Was für eine Überraschung, welcher Rückenwind für ein ehrgeiziges Projekt, eine Aufsehen erregende Initiative oder ein bedeutendes Lebenswerk!

Entschuldigung, ehrwürdiges Direktorium: So verliert dieser Preis wieder ein Stück seiner Bedeutung. Der Akt der Einfallslosigkeit wurde sogar einstimmig beschlossen. Man fasst es nicht.

Da gibt es schon wieder keine Chance für europäische Persönlichkeiten wie etwa Daniel Barenboim, Paul McCartney, Hans Küng, einen europafreundlichen Griechen oder Türken von Format zum Beispiel. Oder für die engagierten Europakämpfer mit Vitali Klitschko in der Ukraine. Keine Chance für einen Künstler, Schriftsteller oder Wissenschaftler. Kein neuer Akzent. Kein neuer Ansatz, keine neuen Wege. Kein Aufbruch. Dieses Direktorium erklärt zwar seit Jahren, dass es genau das will, scheint aber lieber in seiner durch nichts zu erschütternden Beratungsresistenz zu verharren. Es bleibt beim Üblichen. Wer so unambitioniert und entrückt handelt, darf sich über sinkende Wahrnehmung und Akzeptanz nicht wundern.

Van Rompuy ist im besten Fall ein braver Pflichterfüller. Dafür wird er in diesem Amt bezahlt. Es gab Zeiten, da reichte eine solche selbstverständliche Normalität für eine so hohe Auszeichnung nicht aus. Der „Mann der leisen Töne“, wie der Sprecher des Karlspreis-Direktoriums, Jürgen Linden, den Belgier unglaublich schönredet, ist deshalb alles andere als eine überzeugende Wahl. Die jetzt in typischer Manier wieder deklarierten wohlklingenden Begründungen helfen da nicht weiter, sie sind ein Dokument der Worthülsen und der verbalen Zumutung, formuliert in der bekannten Feierlichkeit, die man nicht mehr hören will: „Arbeiter und zugleich Visionär“.

Wie bitte? Van Rompuy ein Visionär? Geht es noch eine Nummer größer, noch übertriebener, noch verdrehter?

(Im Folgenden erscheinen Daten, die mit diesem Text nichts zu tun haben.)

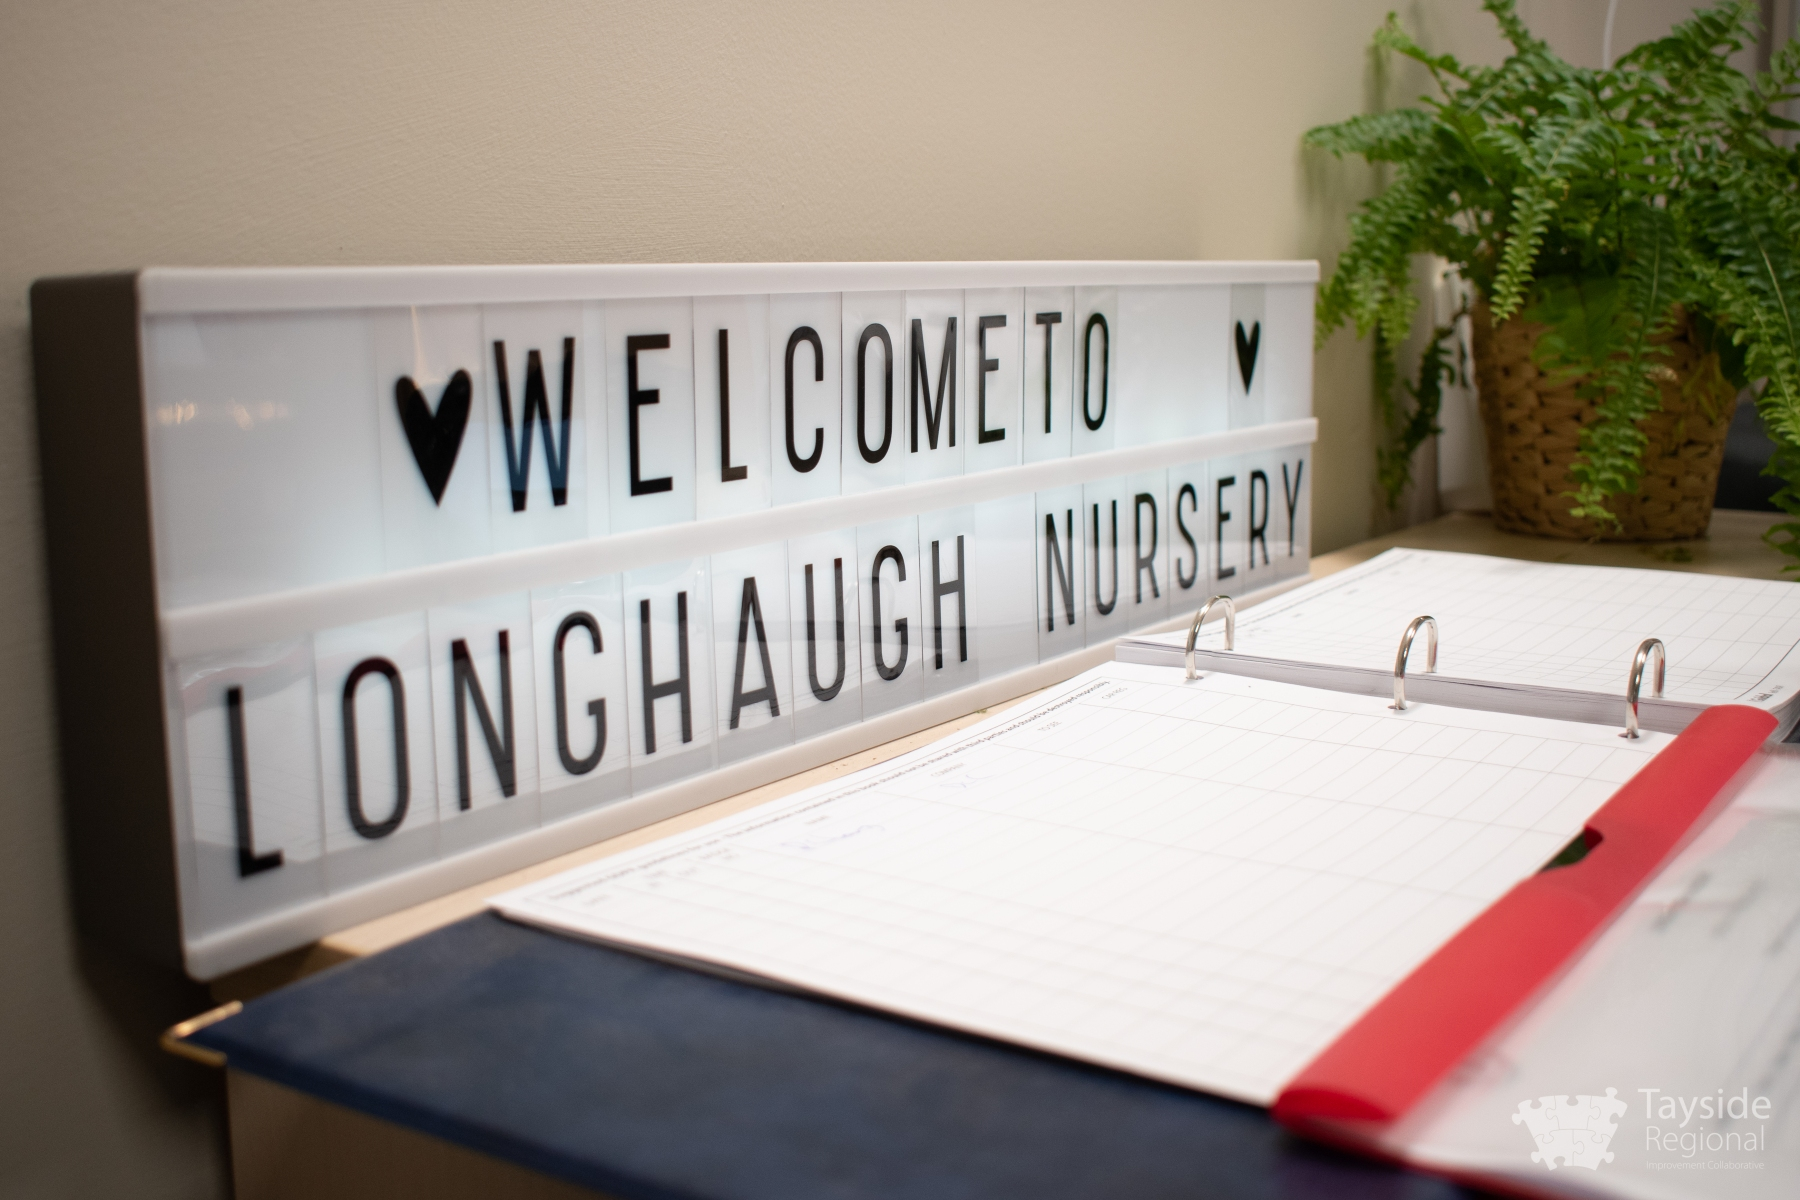 Longhaugh-Nursery-Dundee_001

Van Rompuys kaum zu hörende Stimme und kaum wahrzunehmende Einmischung in wesentliche europäische Angelegenheiten, kurzum seine Unfähigkeit zu führen, werden uns von den Karlspreis-Verleihern mit Etiketten wie „Meister des Ausgleichs“ oder „Krisenmanager“ präsentiert. Das ist geradezu lächerlich. Sprachliche Phantasie haben die Damen und die Herren in diesem Gremium jedenfalls.

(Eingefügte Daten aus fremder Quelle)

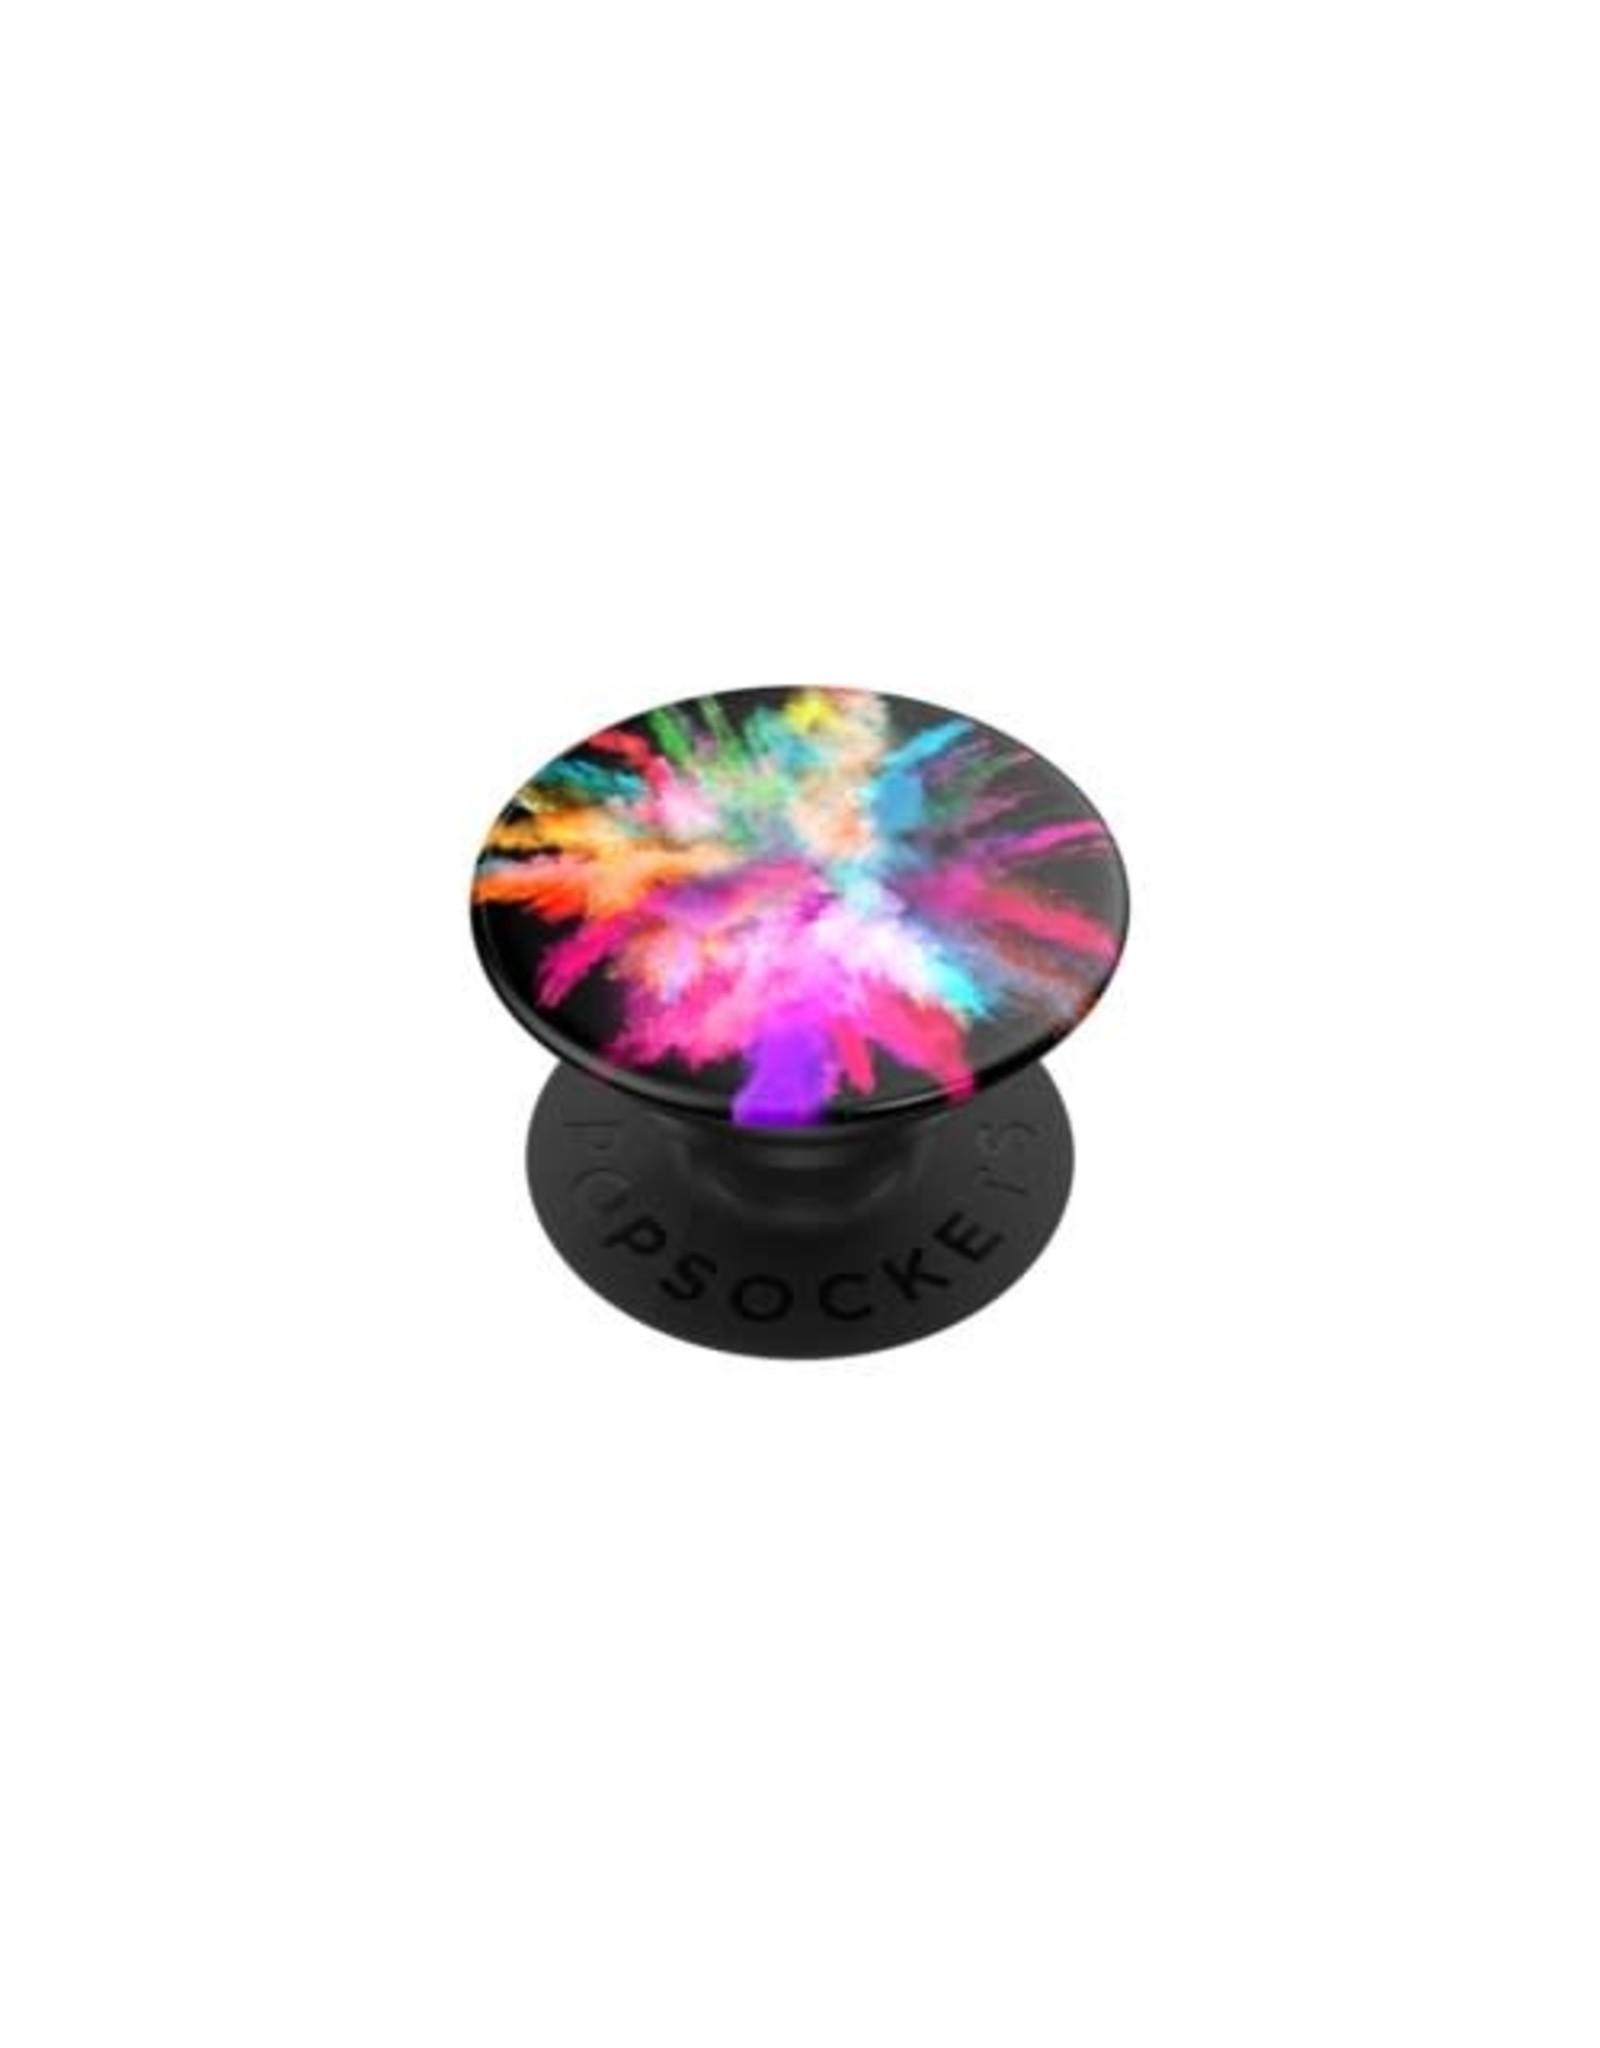 PopSockets PopSocket PopGrip Universal Grip Holder - Colour Burst Gloss

Attestiert wird ausgerechnet van Rompuy auch, dass er, so Jürgen Linden wörtlich, dem „Laden Schwung gibt“. Der Mann, auf den das zurzeit zutrifft, ist allerdings nicht der EU-Ratspräsident, sondern der Präsident des EU-Parlaments, Martin Schulz. Aber der Würselener kommt in Aachen nicht zum Zuge, weil nächstes Jahr das Europaparlament gewählt wird. Wo kämen wir hin, wenn ein Wahlkämpfer einen Preis erhielte, den eher er als Van Rompuy verdient hätte, wenn es denn unbedingt ein EU-Spitzenpolitiker sein soll? Könnte ja sein, dass er tausende vom Karlspreis enthusiasmierte Wählerinnen und Wähler zusätzlich gewänne. Wer‘s glaubt, hat zumindest wieder eine wunderbare Begründung. Und darauf kommt es ja offensichtlich vor allem in diesem traditionsreichen Gremium an, in dem schon große Europäer wie Gorbatschow, Brandt und Genscher keine Mehrheit fanden.